I want to measure broadcast message latency over our message broker on a 1GB LAN.
Messages are transmitted in a pub sub fashion, one publisher, many consumers. The producer timestamps each message using the system clock (DateTime.Now in C#) and consumers measure latency by subtracting the timestamp on the message from DateTime.Now.
double latency = (DateTime.Now - msg.NMSTimestamp).TotalMilliseconds;
All of the boxes on our LAN sync their time via NTP once an hour yet I'm seeing significant latency and even negative times in the range of +/- 1 second. I read that NTP should provide ~5ms accuracy in a LAN environment.
Is my measurement strategy fundamentally flawed? Is there another explanation for the negative latency? If I was only seeing large latencies I'd suspect our message queue was slow but the negative ones really have me confused.
What are your negative values looking like in millis? If it's within 5ms, that's normal for NTP, as you know. There could even be up to 10 millis difference between computers if one computer was 5 millis ahead of true time and another was 5 behind. More than that, I would guess that there's some rounding error, lookahead/lookbehind error, or sync errors somewhere in your system. There are many hardware and implementation details you have little control over that can produce inaccuracies. GENERALLY, system clocks are accurate enough at the millisecond level when polled by DateTime.Now, but many hardware details like CPU throttling under load, pipelines, cache thrashing etc. can introduce enough error to be significant at the millisecond level.
If possible, set up your computers to synchronize with the NTP server at least a second apart form each other.
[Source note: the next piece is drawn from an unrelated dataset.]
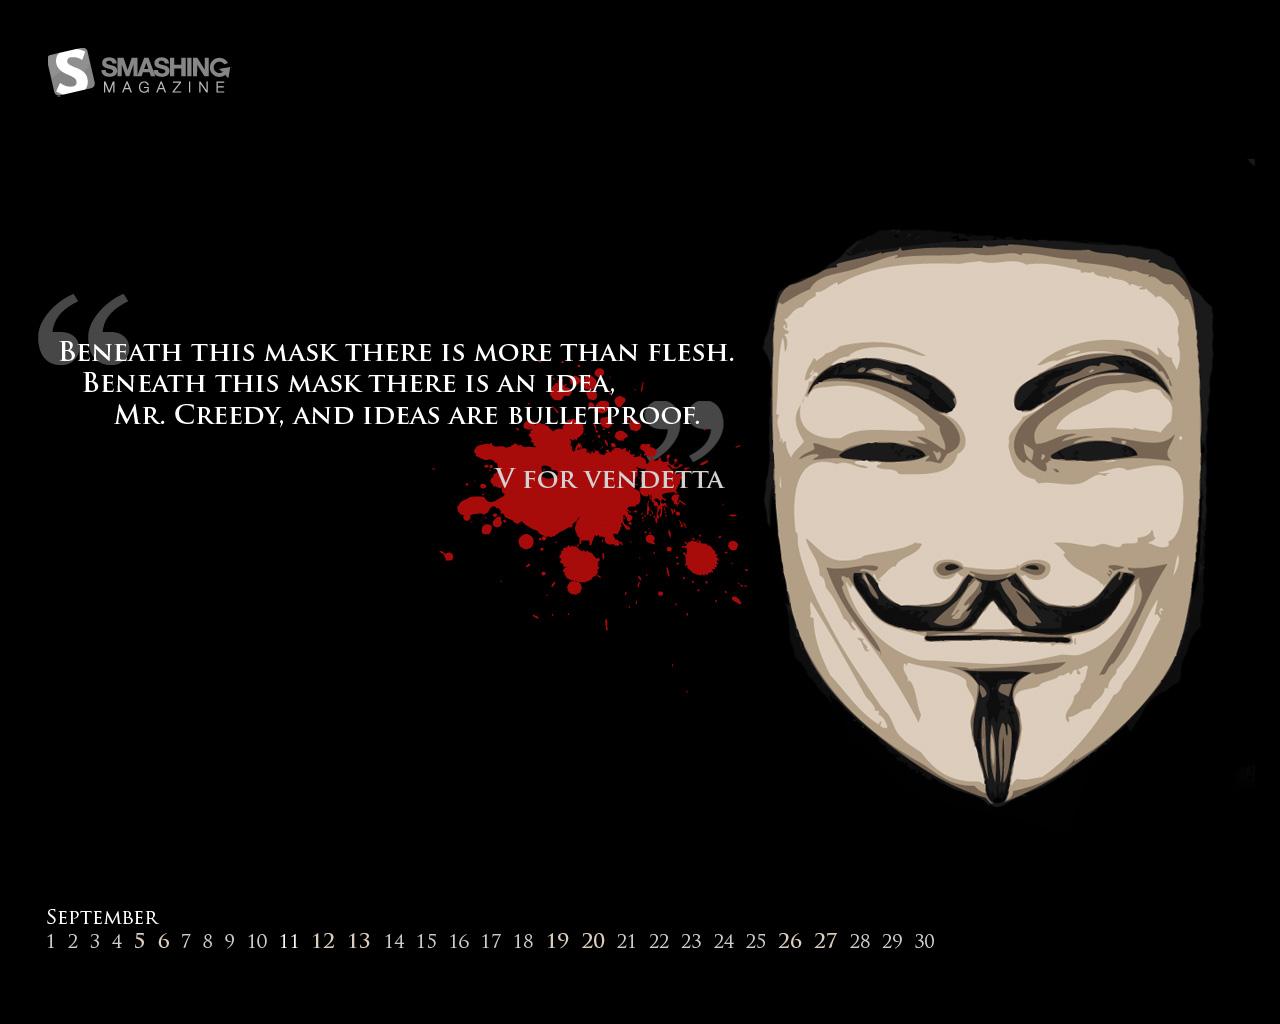 V For Vendetta Mask Wallpaper Quotes 12peteem: V for...
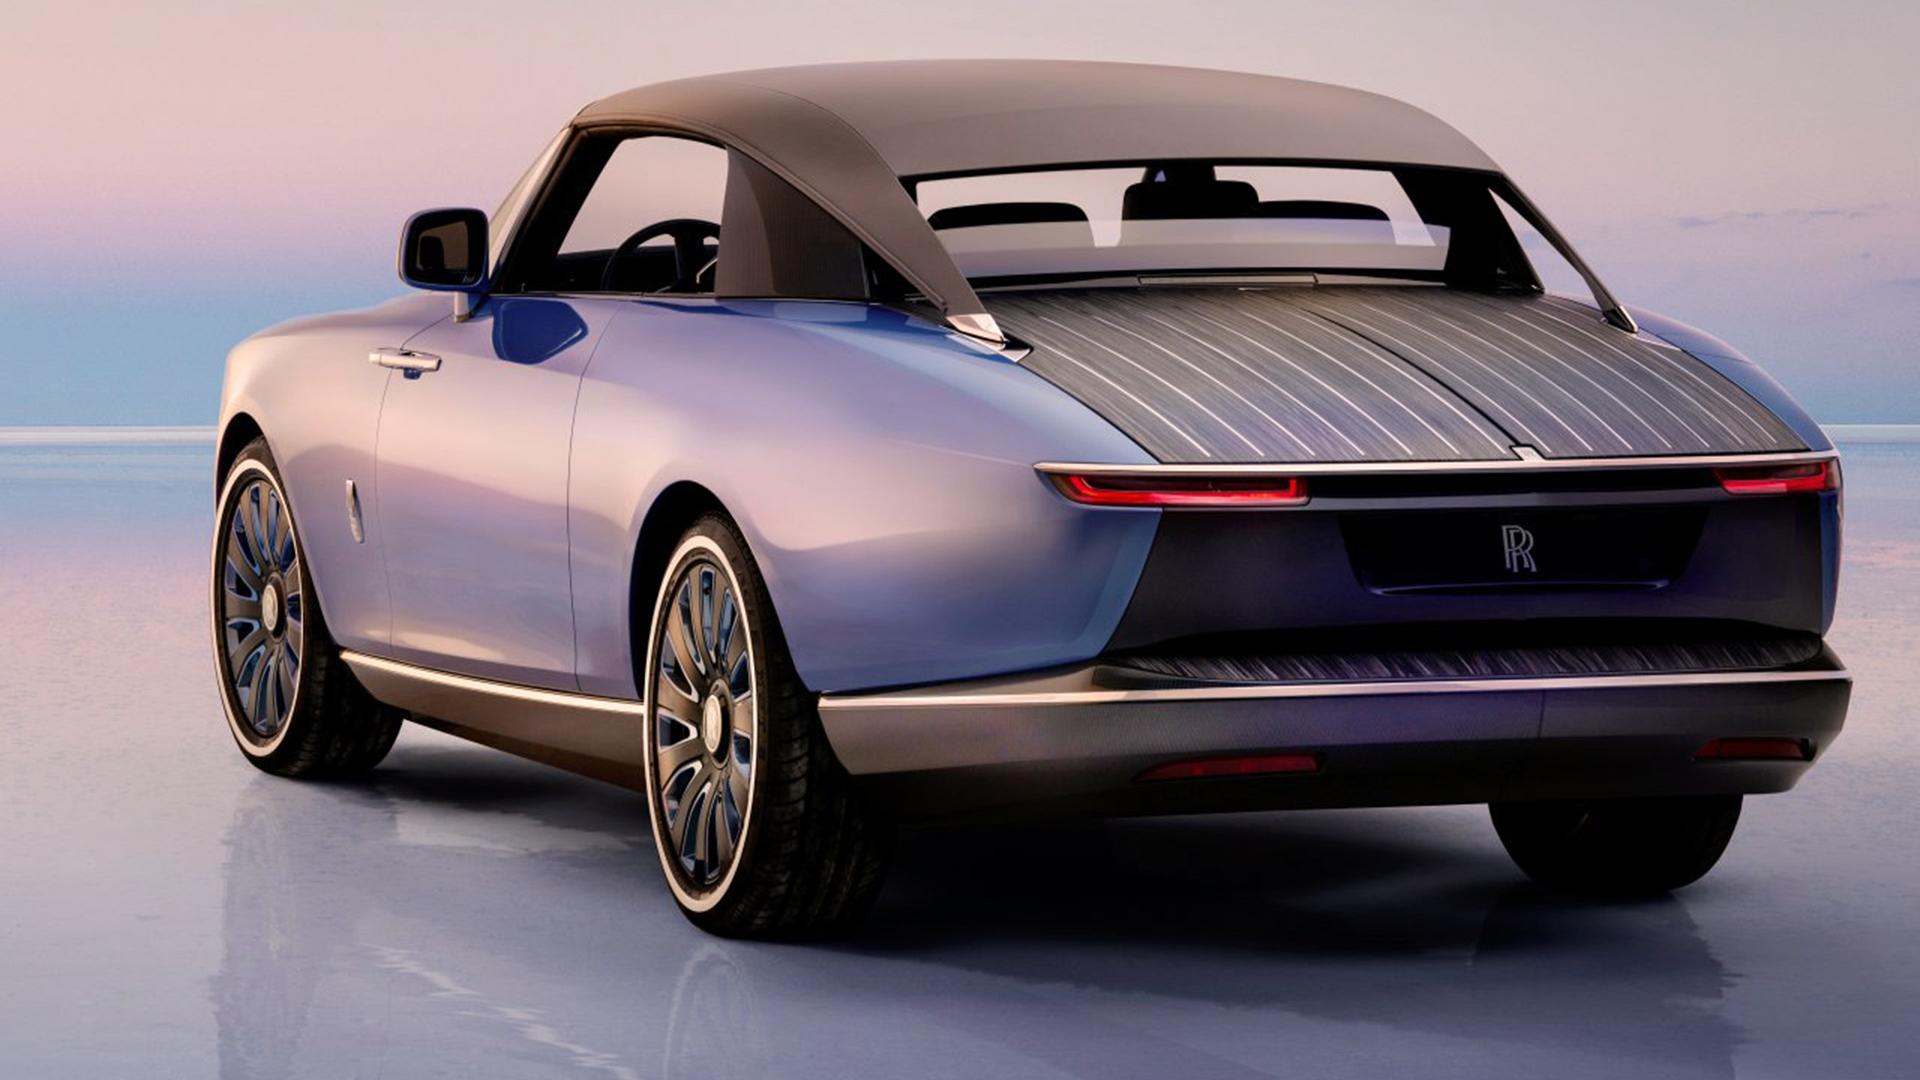 Rolls Royce fabricó el auto más caro del mundo y sus dueños son dos famosos  músicos - Infobae

If all computers try to sync on the hour every hour, the NTP server will be flooded, increasing inaccuracies in reporting the correct time due to crowding and packet scheduling. I think this is the most likely cause for what's going on. Also, make sure your network is as efficient as possible, by reducing cable runs (300ft is the theoretical maximum, and in an EMI-noisy environment runs as short as 40 feet can cause serious problems), replacing hubs with switches, and minimizing wireless network use.
I have a handful of incidents logged of negative network latency measured by the same clock.
Windows fails to implement clock skew, so you see these whenever a sync happens.
Windows does not guarantee 5ms accuracy, but only 18.2 ticks per second. My machine provides an epsilon of 15ms.